Although not satisfied with her career as a whole— “I took what came along—I had two children, no support from my ex-husband, and there were bills to pay.”
“I did about every western TV series that WB produced. When I did a ‘Bronco’, directed by Reginald Le Borg, I found him crabby—and he was still a grouch 15 years later when we did ‘Psycho Sisters’. But the worst experience of all was on a ‘Sugarfoot’ with Will Hutchins (‘The Vultures’). There was this mean Polish director—I cannot recall his name. (Josef Leytes – ed.) He was so dramatic—he got us way behind schedule… always fussing at me. I wonder if Will remembers the incident? I don’t think that director ever worked again—at least not in America. The pleasant part of it was I got to ride Will’s copper-colored horse, Penny. I rode her on every TV western after that! The wranglers were so nice, they’d say, ‘Give her anything—she can ride!’ I would always pick Penny, if she wasn’t shooting.”

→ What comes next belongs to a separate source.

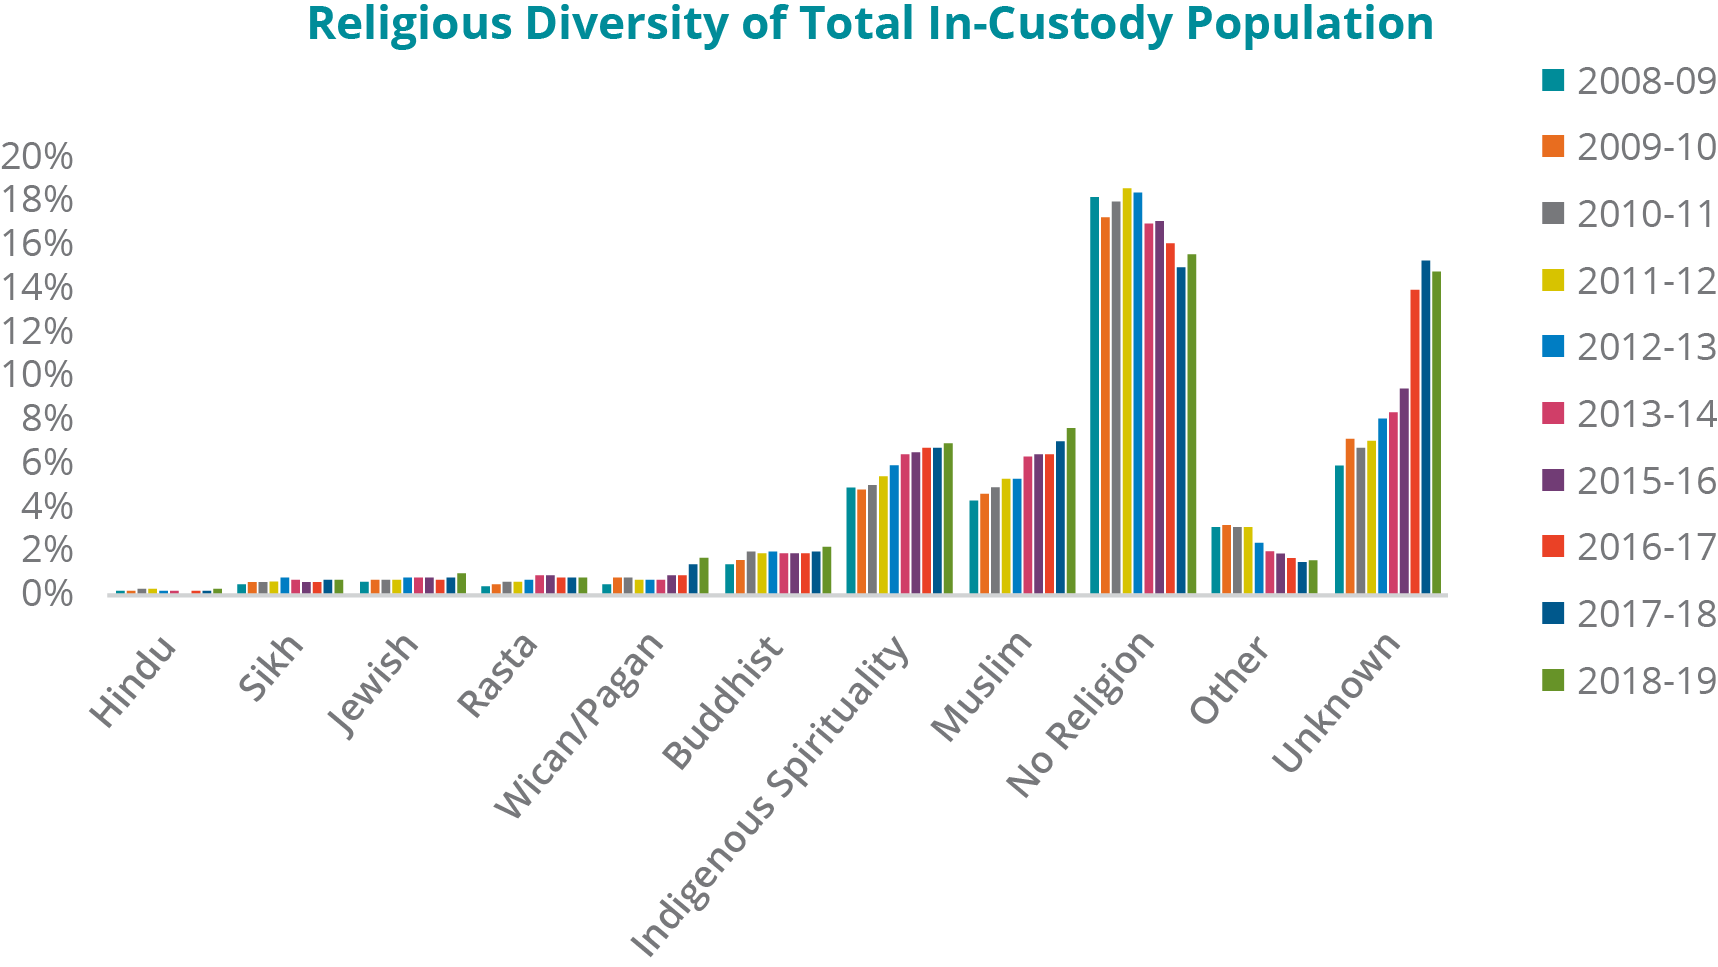 Un graphique illustrant la diversité religieuse de l'ensemble de la population sous garde, de 2008 2009 à 2018 2019 : -	Hindous : En 2008 2009, 0,24 %; 2009 2010, 0,23 %; 2010 2011, 0,29 %; 2011 2012, 0,27 %; 2012 2013, 0,22 %; 2013 2014, 0,20 %; 2015 2016, 0,16 %; 2016 2017, 0,22 %; 2017 2018, 0,26 %; et 2018 2019, 0,27 %. -	Sikhs : En 2008 2009, 0,49 %; 2009 2010, 0,57 %; 2010 2011, 0,58 %; 2011 2012, 0,67 %; 2012 2013, 0,79 %; 2013 2014, 0,76 %; 2015 2016, 0,60 %; 2016 2017, 0,59 %; 2017 2018, 0,71 %; et 2018 2019, 0,77 %. -	Juifs : En 2008 2009, 0,67 %; 2009-2010, 0,74 %; 2010 2011, 0,77 %; 2011 2012, 0,73 %; 2012 2013, 0,84 %; 2013 2014, 0,87 %; 2015 2016, 0,83 %; 2016 2017, 0,73 %; 2017 2018, 0,80 % et 2018 2019, 1,06 %. -	Rastas : En 2008 2009, 0,46 %; 2009 2010, 0,52 %; 2010 2011, 0,59 %; 2011 2012, 0,64 %; 2012 2013, 0,69 %; 2013 2014, 0,89 %; 2015 2016, 0,90 %; 2016 2017, 0,86 %; 2017 2018, 0,79 %; et 2018 2019, 0,86 %. -	Wiccans/païens : En 2008 2009, 0,52 %; 2009 2010, 0,81 %; 2010 2011, 0,80 %; 2011 2012, 0,75 %; 2012 2013, 0,75 %; 2013 2014, 0,76 %; 2015 2016, 0,93 %; 2016 2017, 0,92 %; 2017 2018, 1,40 %; et 2018 2019, 1,79 %. -	Bouddhistes : En 2008 2009, 1,48 %; 2009 2010, 1,60 %; 2010 2011, 2,10 %; 2011 2012, 1,96 %; 2012 2013, 2,08 %; 2013 2014, 1,94 %; 2015 2016, 1,98 %; 2016 2017, 1,95 %; 2017 2018, 2,06 %; et 2018 2019, 2,24 %. -	Spiritualité autochtone : En 2008 2009, 5,02 %; 2009 2010, 4,86 %; 2010 2011, 5,09 %; 2011 2012, 5,51 %; 2012 2013, 6,05 %; 2013 2014, 6,56 %; 2015 2016, 6,61 %; 2016 2017, 6,87 %; 2017 2018, 6,82 %; et 2018 2019, 7,00 %. -	Musulmans : En 2008 2009, 4,35 %; 2009-2010, 4,76 %; 20109-2011, 4,99 %; 2011 2012, 5,40 %; 2012 2013, 5,45 %; 2013 2014, 6,42 %; 2015 2016, 6,56 %; 2016 2017, 6,59 %; 2017 2018, 7,11 %; et 2018 19, 7,73 %. -	Aucune religion signalée : En 2008 2009, 18,45 %; 2009 2010, 17,54 %; 2010 2011, 18,24 %; 2011 2012, 18,89 %; 2012 2013, 18,69 %; 2013 2014, 17,23 %; 2015 2016, 17,37 %; 2016 2017, 16,30 %; 2017 2018, 15,25 %; et 2018 2019, 15,80 %. -	Autres religions : En 2008 2009, 3,17 %; 2009 2010, 3,23 %; 2010 2011, 3,14 %; 2011 2012, 3,13 %; 2012 2013, 2,45 %; 2013 2014, 2,03 %; 2015 2016, 1,95 %; 2016 2017, 1,77 %; 2017 2018, 1,59 %; et 2018 2019, 1,60 %. -	Religion inconnue : En 2008 2009, 6,06 %; 2009 2010, 7,26 %; 2010 2011, 6,83 %; 2011 2012, 7,19 %; 2012 2013, 8,14 %; 2013 2014, 8,45 %; 2015 2016, 9,59 %; 2016 2017, 14,21 %; 2017 2018, 15,48 %; et 2018 2019, 14,98 %. Remarque : Aucune donnée concernant l'exercice 2014 2015 n'était accessible dans l'Entrepôt de données du SCC.

In regard to an episode of “Tall Man: Rovin’ Gambler”, in which Faith played Kate Elder, Faith smiled, “Robert Lansing, who played Doc Holliday, was very charming and helpful. A good actor. He was quiet but excellent. Amazingly, I was not injured during the filming of this one. Originally, I had a wonderful song to sing, ‘Down a Lonely Road’. It was the only time I was ever allowed to sing on film. I wore a beautiful dress that had been designed for me almost ten years earlier, when I did ‘Duel at Silver Creek’ at Universal. Apparently, the big budget clothes are recycled for the small budget TV programs.”
Faith was required to act drunk in several scenes, “The role was exceedingly difficult. I never drink anything but wine, so hard liquor and its effects are foreign to me. Director Bill Witney and I worked out the scene where I got on my knees—begging Robert Lansing to take me with him and not shoot it out with Barry Sullivan. This was difficult, hard for me, contrary to my own personality. I didn’t like the performance overall, but Barry Sullivan came up after the scene and said ‘That’s pretty good.’ Then, in a lower voice, he proclaimed ‘If you like that kind of acting.’ He had a wicked, mean Irish humor.”
Two “Bonanza” episodes are especially memorable to Faith. “The second one I did (‘The Campaneros’, broadcast 4/19/64) was filming when President Kennedy was assassinated. Naturally, the whole set was hovered with sadness. We laid off several days until after the funeral. But my most favorite show of all time was that other ‘Bonanza’, ‘The Lonely House’ (10/15/61) with poor Little Joe (Michael Landon) who’s now gone. It was directed by William Witney, who directed ‘Santa Fe Passage’, and I consider it the best acting I’ve ever done.”